Friday, January 28, 2005

lucky

me. i've been having a what i would call sore pain if my right side for a few days. i figured that i had slept wrong and that it would go away. well, it's still here and last night i mentioned it to the girl. she did some examining and informed me that it is not a muscle. i might have a bruised and or cracked rib. i've never had a broken bone so i can't tell the difference between sore muscle and hurt bone, but when the girl was poking around and trying things out......i understand now. the pain is only in one area about the size of two finger tips. what do i do now? nothing i guess. i'd like to know for sure if it is broken or not, mostly so i can call my mom and freak her out and make her think i was in some sort of "dangerous city gang fight". then i'll for sure not have to host the easter dinner at my house. if a doctor did discover that it was broken they can't do anything i suppose so i'm going to see if it goes away as a bruise would do. then i might reconsider if it doesn't. one elbow during a basketball game might change my mind though. the best part is that i have no idea of how i would have done it. i have no memory of going "ouch, that really hurt. i hope my back is ok." damn alien abductions. last night i gave myself a splinter in the outer side of my pinky from my own drum stick while playing. it was a nice quarter of an inch in length. maybe it's not so hard to imagine that i hurt my rib.

my mom

pic
i am now finding out so much about her. she use to be one of those can can dancer things in st. louis. she played basketball on a city team. slick pages were better than just paper ones. (don't ask) she's my number one fan and i am hers.

they

called to say that sis #4 would be done early so i grabbed an address. i picked her up in a barn shaped building and they told me the care instructions and said "the medication can cause her to have amnesia type symptoms until it wears off." fun. we were talking in the car and then i would ask "do you remember what we were just talking about?" she would reply "some dude?" ummm.....no. we were just talking about some hair ball you found in your bathroom. hmmm...maybe it was a reference to some dude. we went to walgreen's to fill her prescriptions and she got some good pain killers. she needed stuff like pudding and yogurt so we walked around filling the cart. they happened to only have one thing of chocolate pudding so we grabbed that. well, we ended up in that aisle three times and it always went like this. "oh there's the pudding. darn, they're out of chocolate. maybe they have tapioca." i think she was playing with me because i was getting such a kick out of the conversation recap. when i dropped her off at home i thought she would go right to sleep, but she's wasn't in pain and she was bored. she mentioned going shopping. after discussing this with her, she decided to watch cnn to see if she can catch the repeat of the ticker tape or if it will be new to her for hours.

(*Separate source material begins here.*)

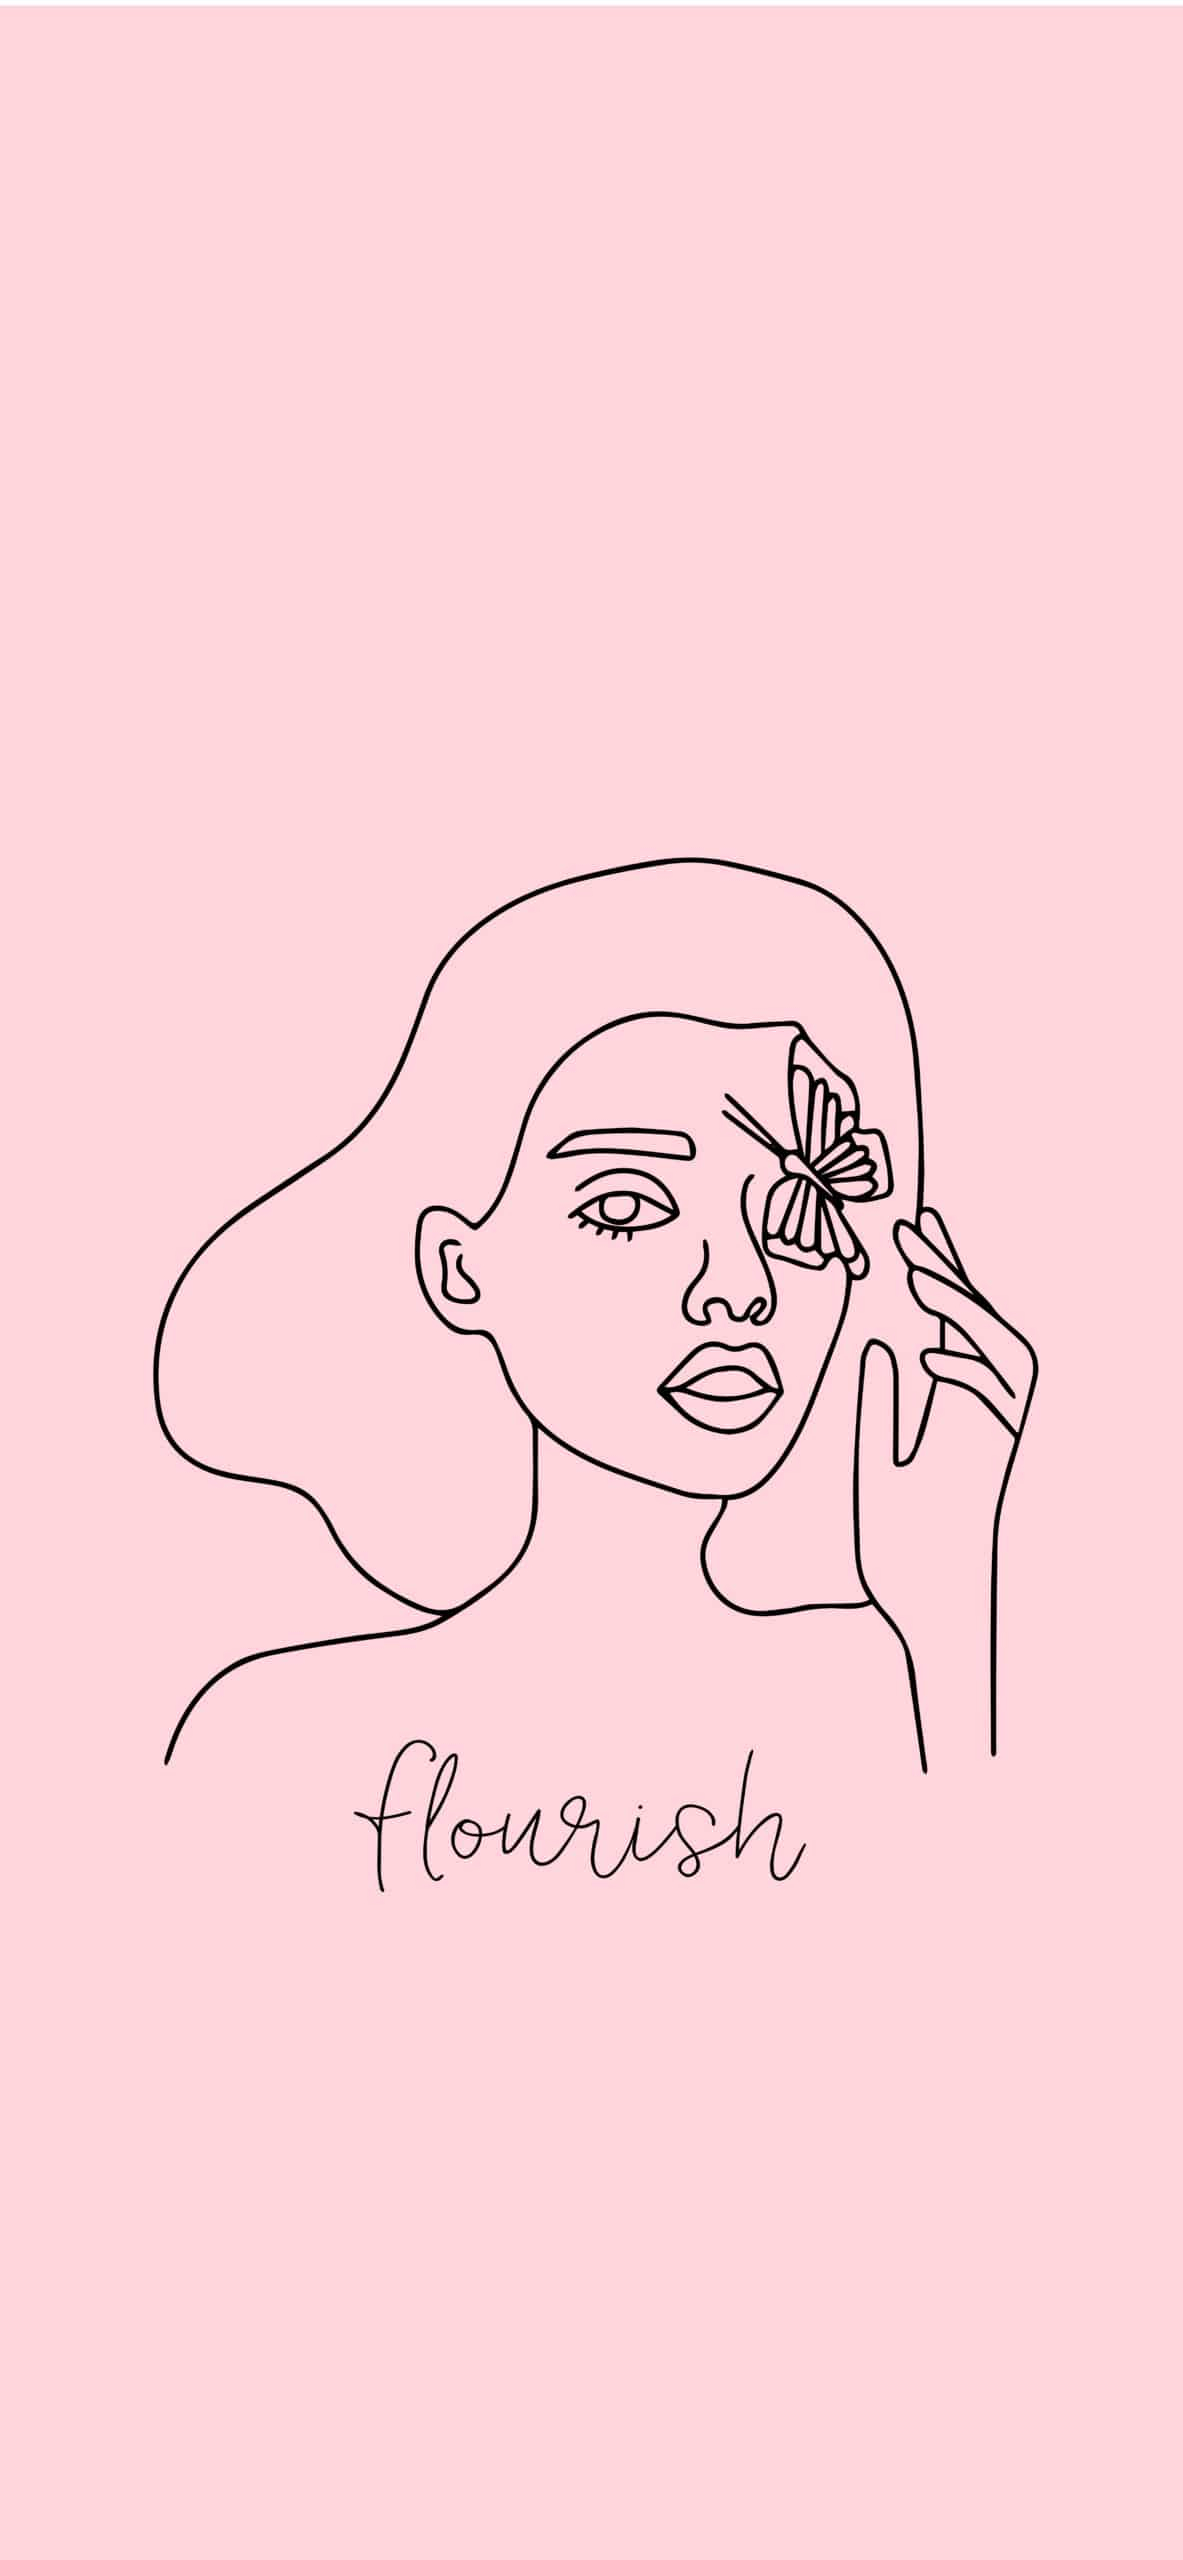 1183x2560 12 Stunning Line Art Girl iPhone Wallpaper and Wall Art You Need To Get

Thursday, January 27, 2005

if

i'm lucky, i will actually find the dentist office that i am suppose to be at around 3 to pick up sis #4 who will be sedated and needs a ride home. the thing is that i waited till today to find out the address of the place. the whole thing started with her asking me if i remember the place that i picked her up at before. well sure i remember it, but that was about 2 years ago, so even though i remember doing that for her before, i have no idea how to get there or what the building looks like, blah, blah. i found the email where a month ago she was telling me to put it on the calendar and it mentions washington street. that helps a bit i guess. i think she is already there because i have been calling her every 5 seconds to get an address. brilliant. you can count on me. i suppose that this might get me off the hook for any other favors that she might come up with in the future. possibly by the time i find it she will have taken a cab home or the medication wore off and she drove herself. then i won't have to tuck her into bed with water and snacks in reach, which also means that i won't be able to do my favorite thing. i love getting her all settled in on a lazy day or a sick day, turning the tv to the worst program i can find, turning up the volume and then placing the remote in a random coat pocket in the closet. i really crack myself up with that one every single time.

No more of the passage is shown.